Only the pictures are to be omitted; everything else in the listing must be reproduced exactly.

▶ [The data]
------------------------------------------------
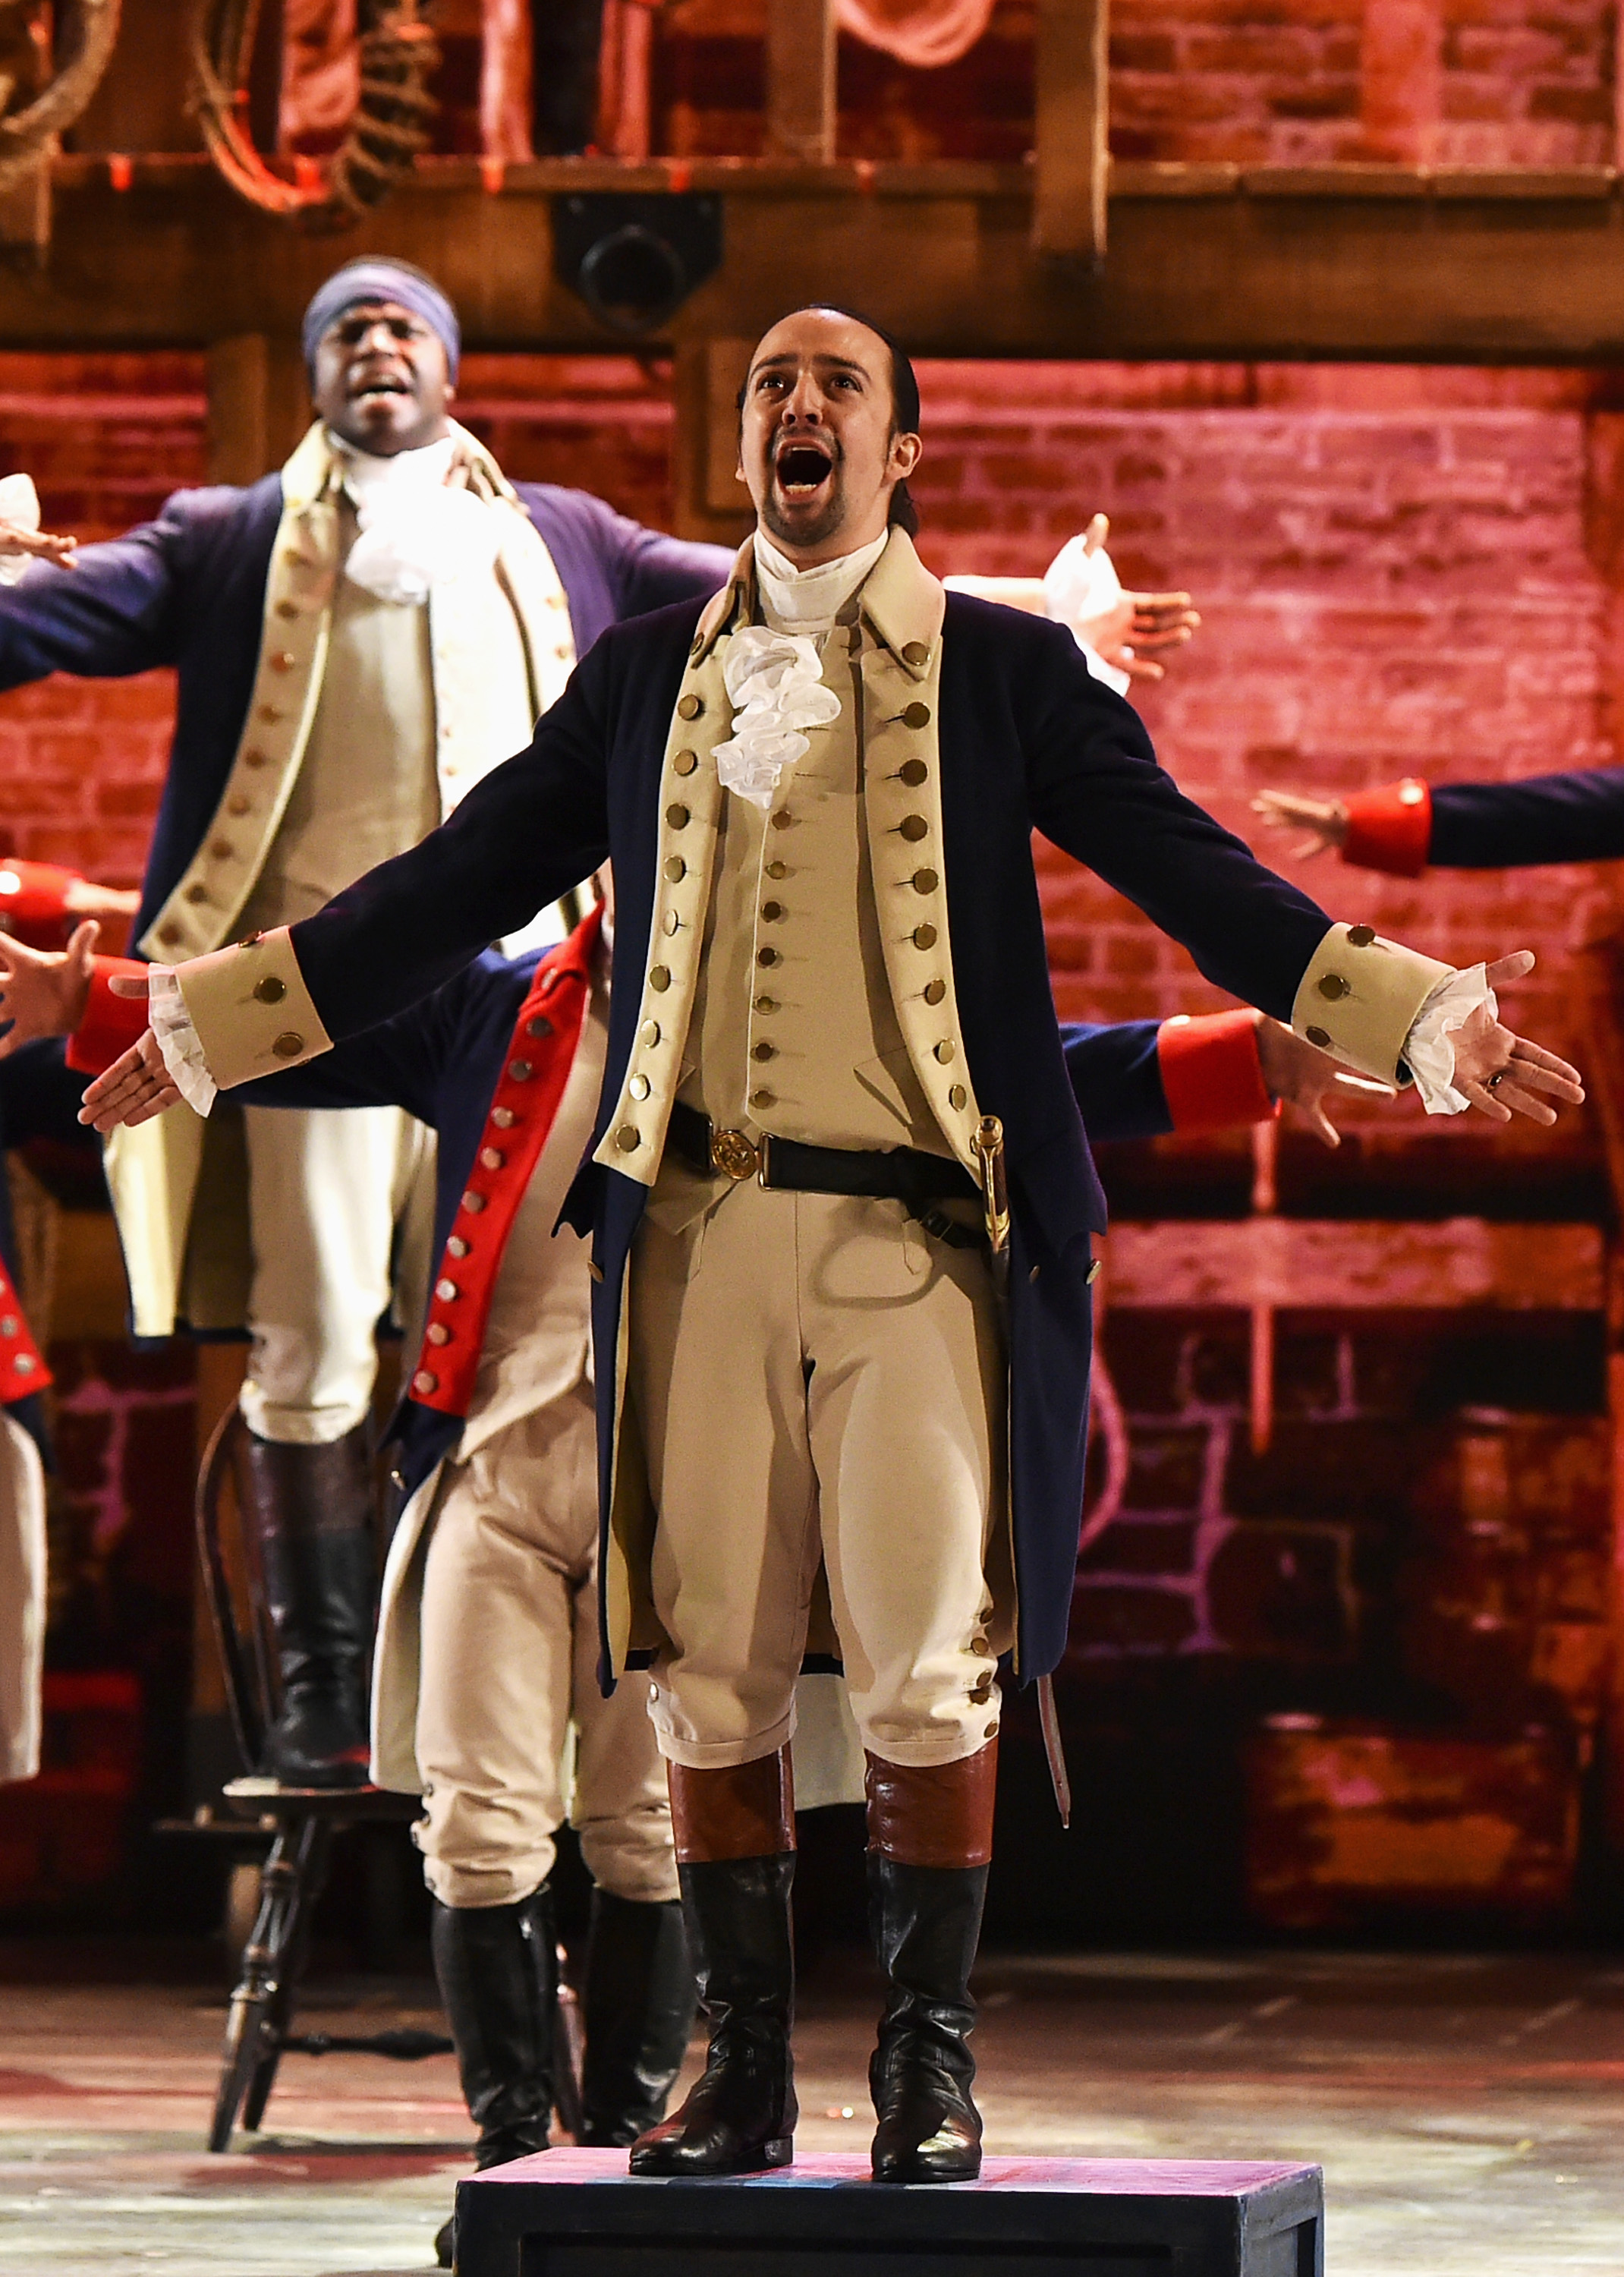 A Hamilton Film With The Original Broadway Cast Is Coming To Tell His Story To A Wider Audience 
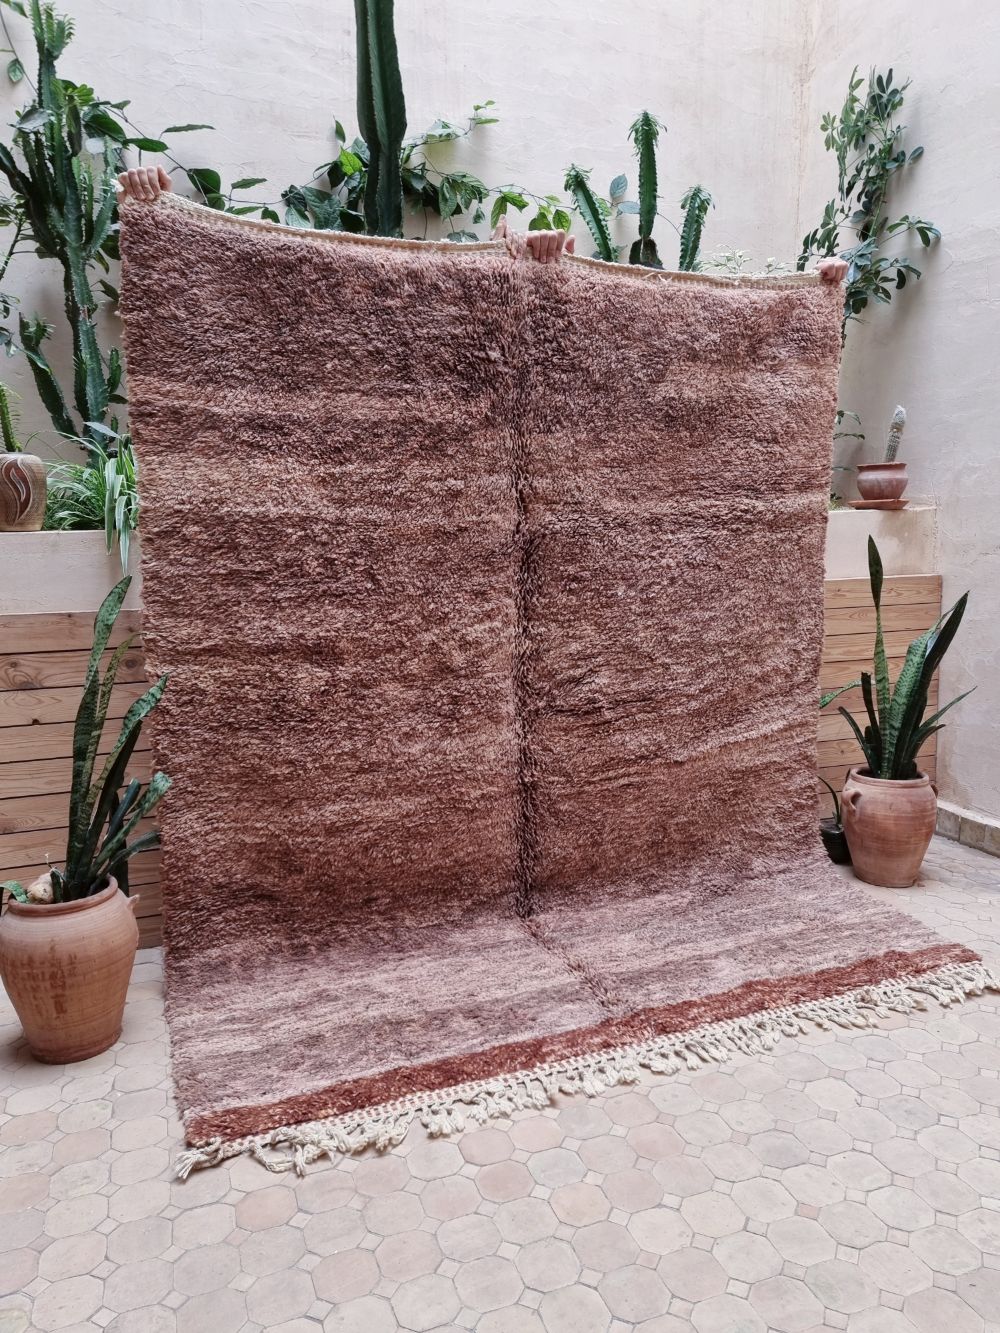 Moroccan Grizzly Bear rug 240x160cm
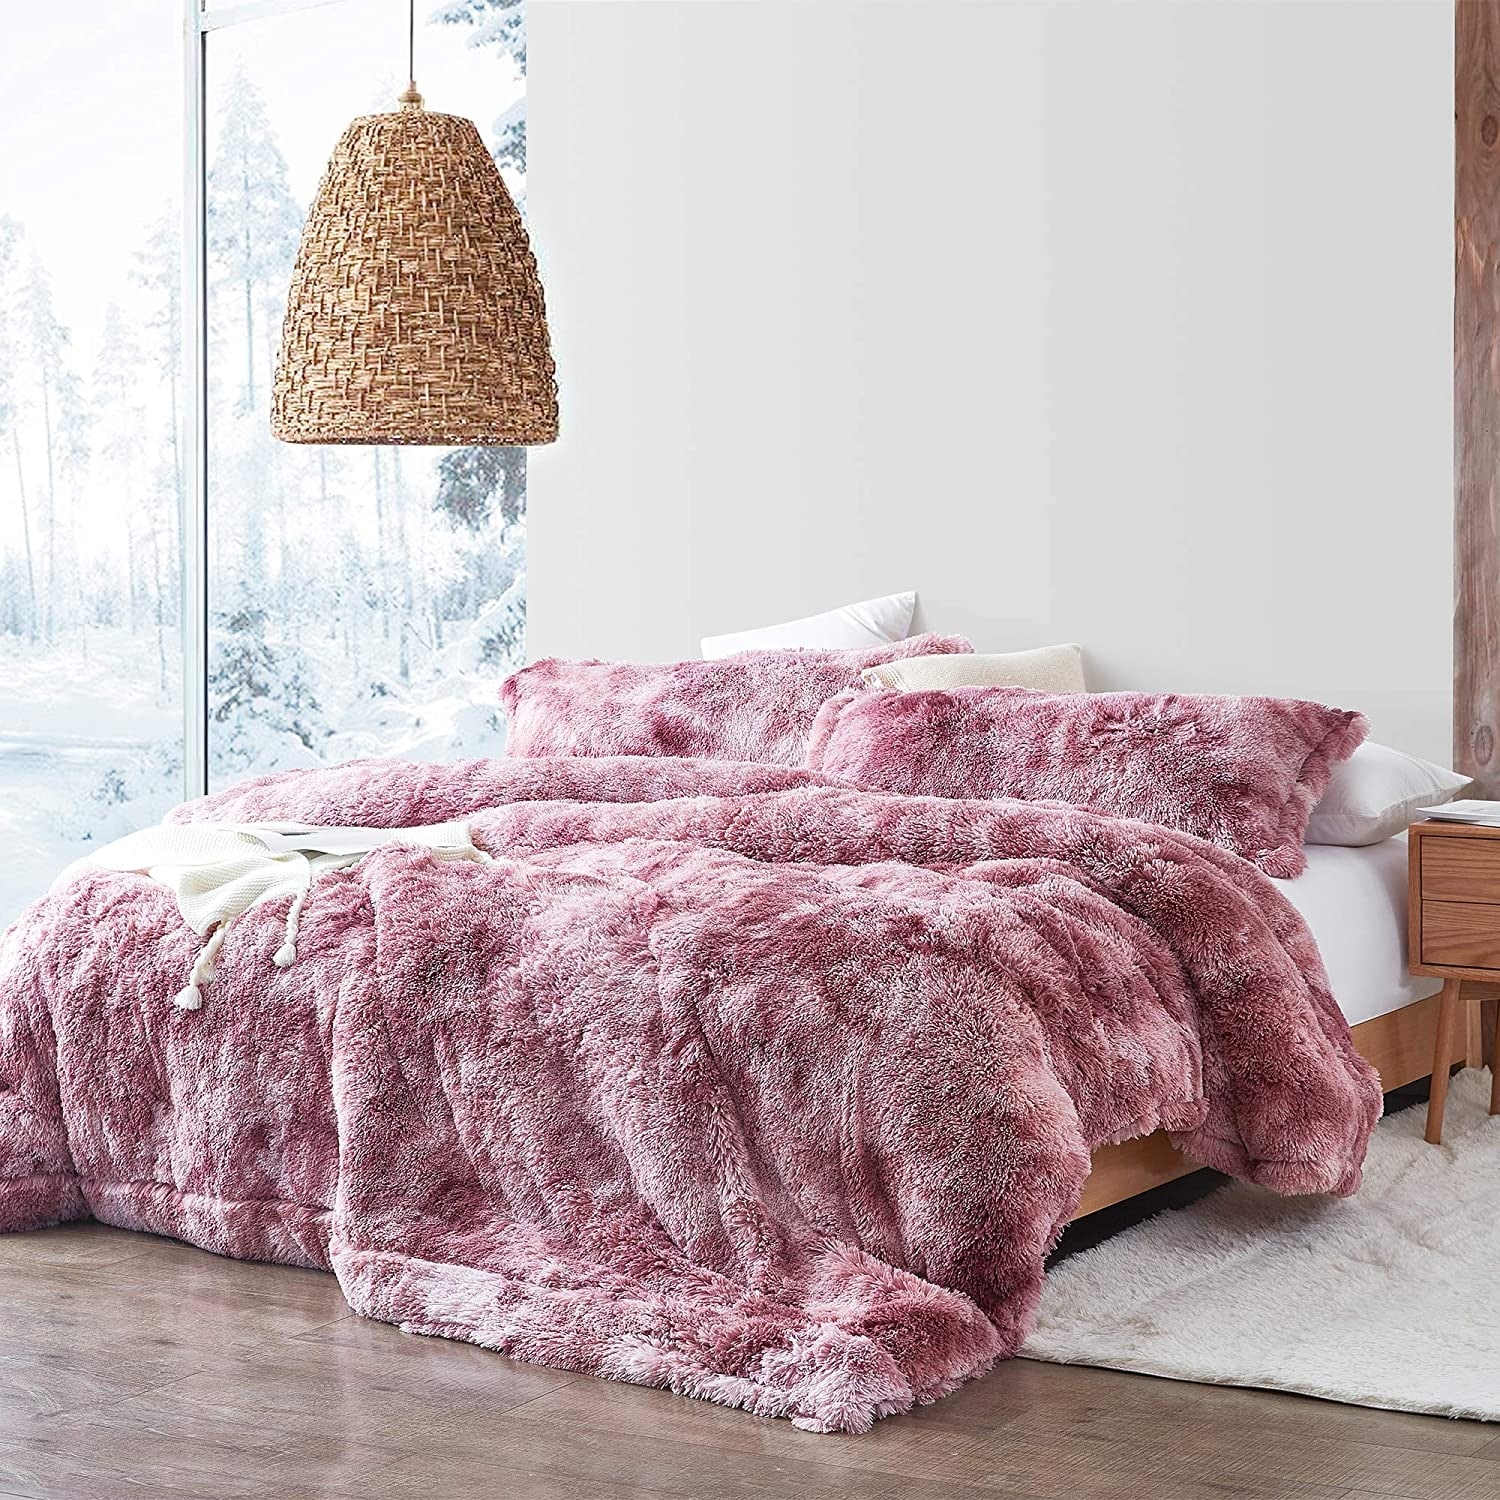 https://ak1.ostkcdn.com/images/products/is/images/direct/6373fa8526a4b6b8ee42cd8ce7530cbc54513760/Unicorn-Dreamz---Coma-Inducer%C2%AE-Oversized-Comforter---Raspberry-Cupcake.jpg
------------------------------------------------
▶ [Response to the exercise]
 A Hamilton Film With The Original Broadway Cast Is Coming To Tell His Story To A Wider Audience 
 Moroccan Grizzly Bear rug 240x160cm
 https://ak1.ostkcdn.com/images/products/is/images/direct/6373fa8526a4b6b8ee42cd8ce7530cbc54513760/Unicorn-Dreamz---Coma-Inducer%C2%AE-Oversized-Comforter---Raspberry-Cupcake.jpg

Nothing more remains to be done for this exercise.